As often occurs with 'competing' inventions, however, the new methods of Sanger-Coulson and Maxam-Gilbert would not enjoy similar fates. Unlike the Maxam-Gilbert method, which required relatively toxic chemical reactions to cleave DNA at consecutive bases, the Sanger 'dideoxy' method used random chain termination through the incorporation of modified nucleotides lacking the 2′ hydroxyl groups required for the addition of the next base. Sanger's method thus caught on and is still widely in use.

Today, sequencing a piece of DNA often involves simply generating a product polymerase chain reaction that is then sent off to a sequencing facility, where a modified Sanger method is used to produce a sequence in a day or two. This is a far cry from the early days of 'in-laboratory' sequencing, when four dideoxy nucleotide–containing 'cocktails' (one for each base) and single-stranded M13 phage clones of the DNA of interest had to be prepared, and days were spent assembling a few hundred bases of contiguous sequence by reading 14- × 17-inch autoradiograms.
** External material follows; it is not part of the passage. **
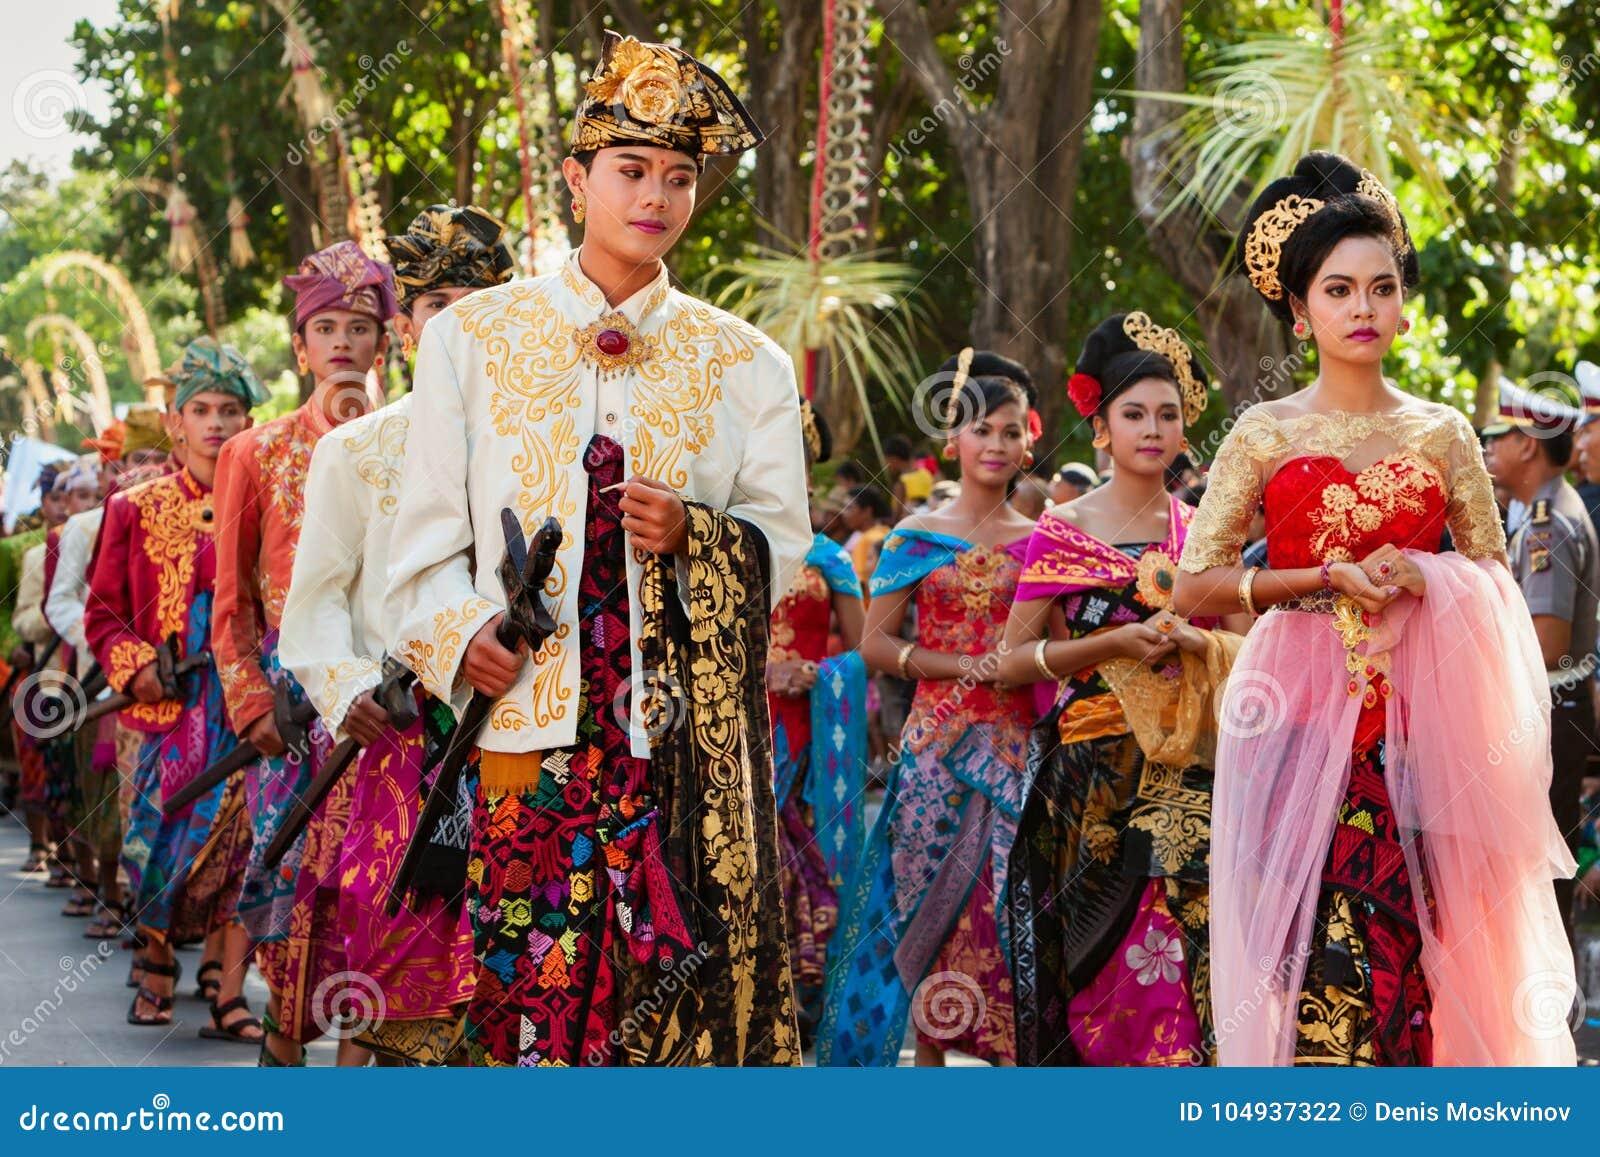 Denpasar indonesia women seeking men

But such is the story of science and progress through technical achievements. Today's 'next-generation' sequencing technologies, such as 454 Life Sciences (Roche Diagnostics), have catapulted DNA sequencing to places not dreamed possible in 1977. These new methods can achieve upward of 20 million nucleotide bases of sequence in only a few hours, and an entire genome of any organism can be sequenced by a single researcher with only one preparation of DNA (assembling the first human genome sequences, in contrast, required 60 million sample preparations, 12 years and $2.7 billion dollars, for the National Institutes of Health–based effort). It was, in fact, the 454 technology that produced Watson's genome sequence for around $1 million dollars, a mark that will no doubt be surpassed by the present drive to produce a single genome sequence for as little as $1,000 (Science 311, 1544–1546 (2006)).

Such prospects are intriguing. But what will be done with the information contained in peoples' genomes? Do people want to know which diseases loom in their future? Even worldly James Watson had qualms about the information in his genome; he released nearly all the data to the public so comparisons could be made with the previous genome sequences, yet he balked at supplying information about his apolipoprotein E gene—mutations in which are known to predispose a person toward Alzheimer's disease.
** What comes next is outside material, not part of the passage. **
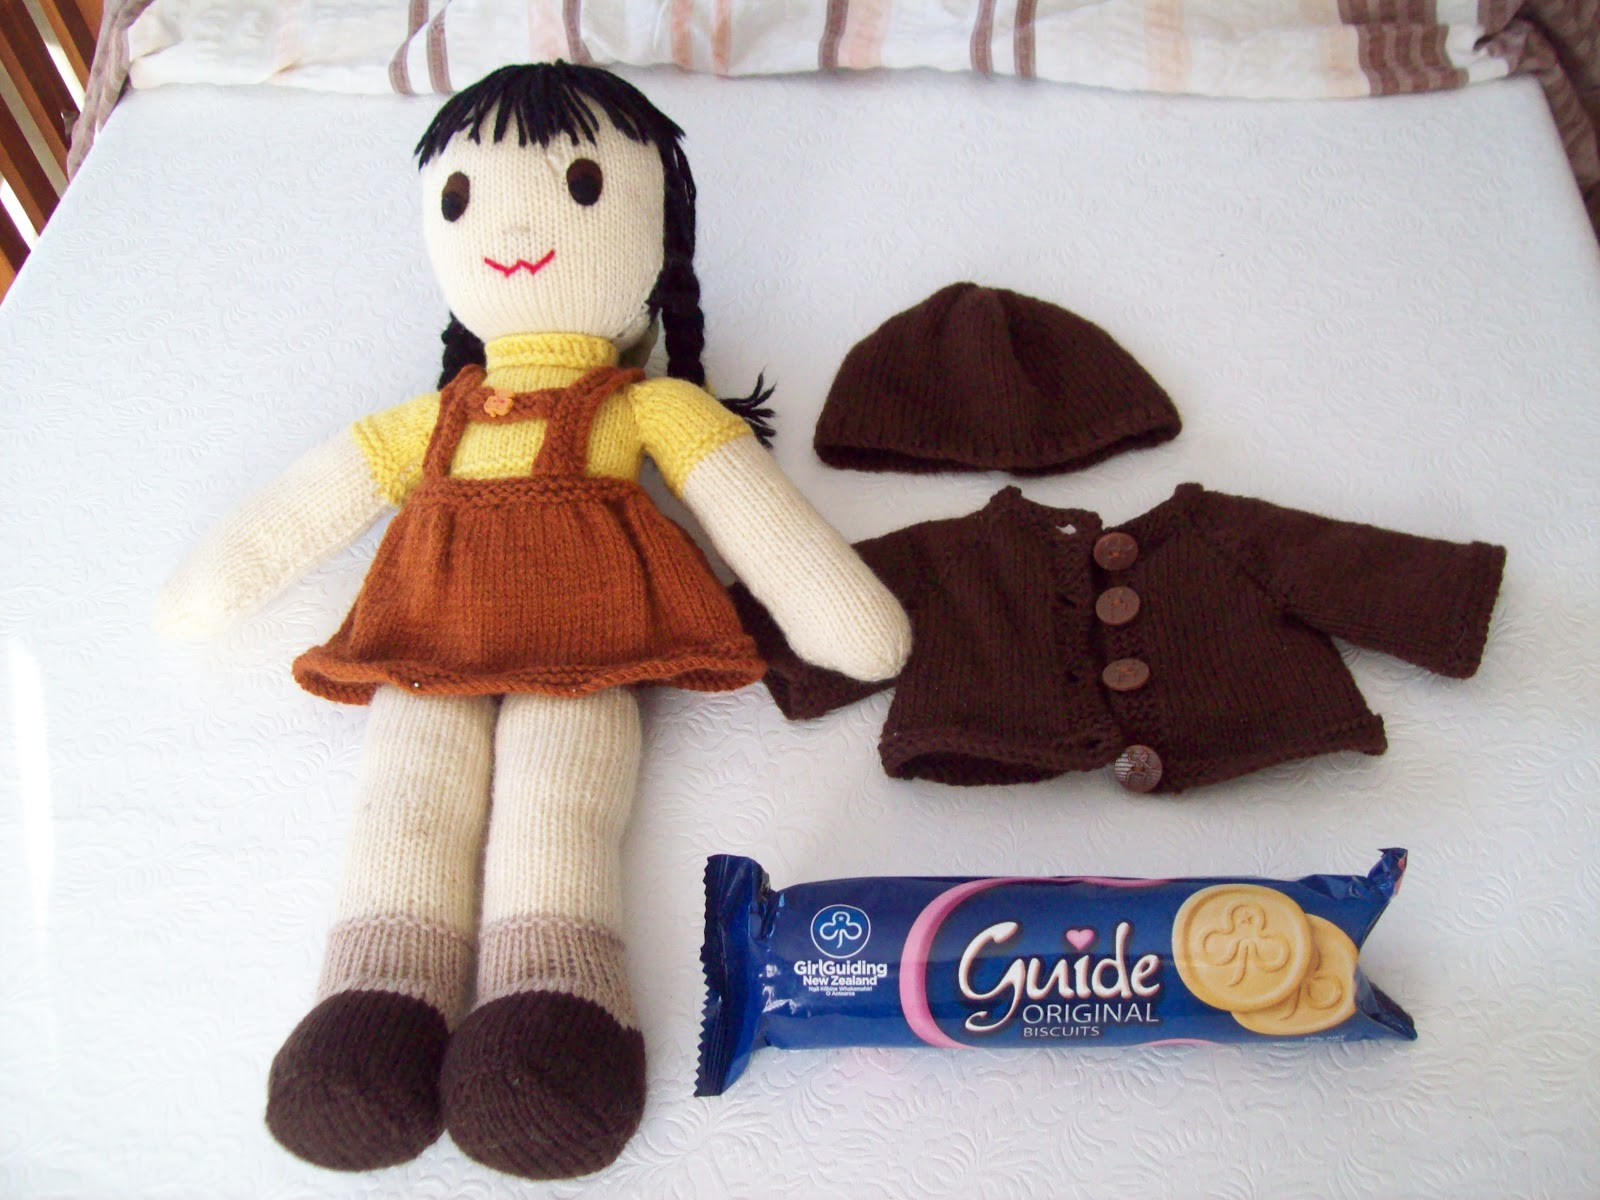 Kowhai Corner Ginny Doll and Friends: NZ Brownie Uniforms

Another possible drawback in gaining information about their genome is that people may increasingly think of their lives as being determined by their genes, lives in which choice is seen as secondary to 'biological destiny'. Such a scenario is not too difficult to imagine. People today talk about the genetic inevitability of 'intelligence', 'bad behavior', 'obesity', 'rowdiness' and 'attention deficit'. Often less discussed is the implicit assumption that such 'biological determinism' necessarily entails the diminished expectation of personal responsibility—would this be even more so in a future with much more genomic information?
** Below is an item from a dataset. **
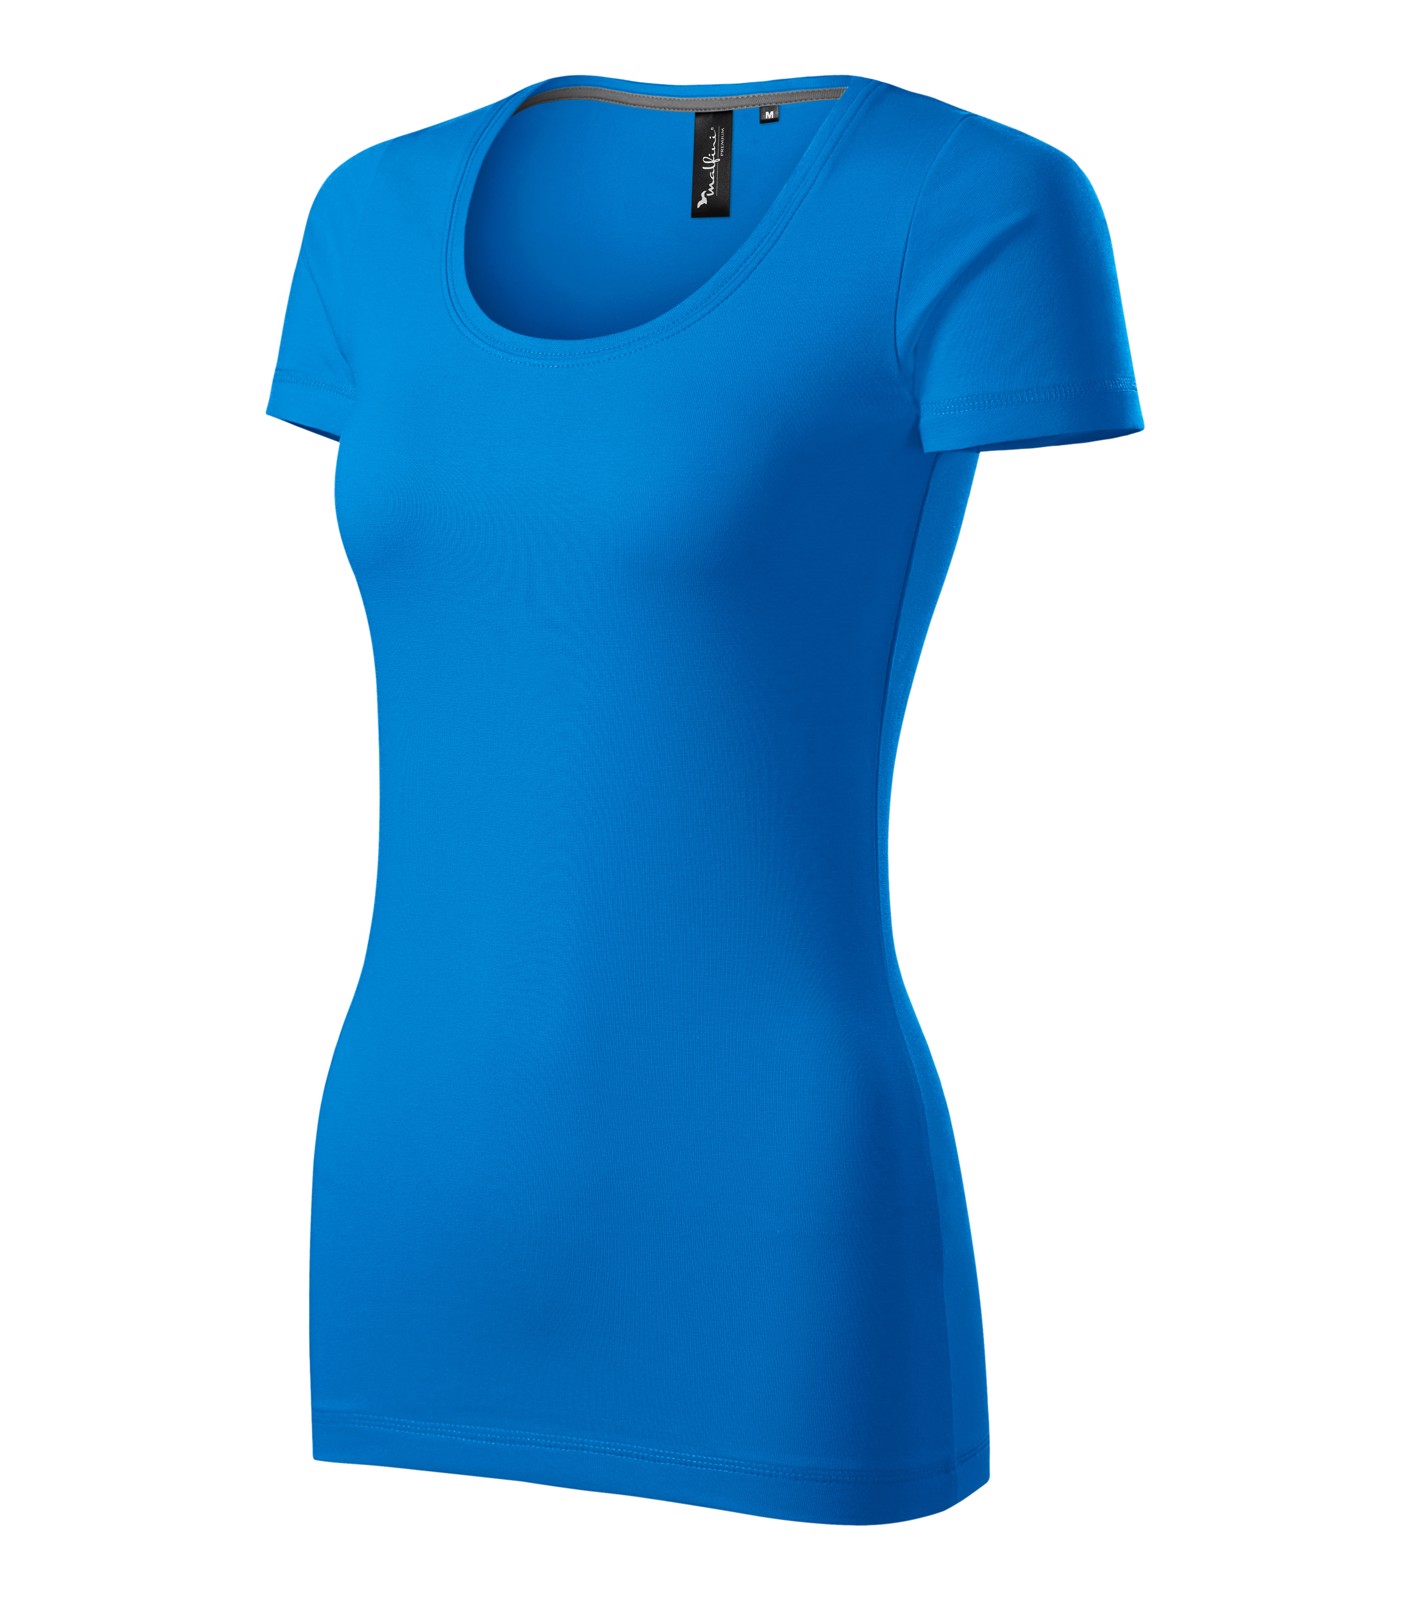 Tričko dámské Malfinipremium Action - Snorkel Blue / XL

Reflecting on 'beginning of modern sequencing' in 1977 honors the scientists who made lasting contributions to the understanding of genomes. Yet we hope that the reflection also stirs a thought or two about how genomic information will be used. 'Knowledge is power' has perhaps few better examples than the day of the $1,000 genome. The status of key genes could have considerable consequences for peoples' lives, with the knowledge that diseases such as arthritis, lupus and leukemia are 'encoded' by their DNA. How much about this do people really want to know?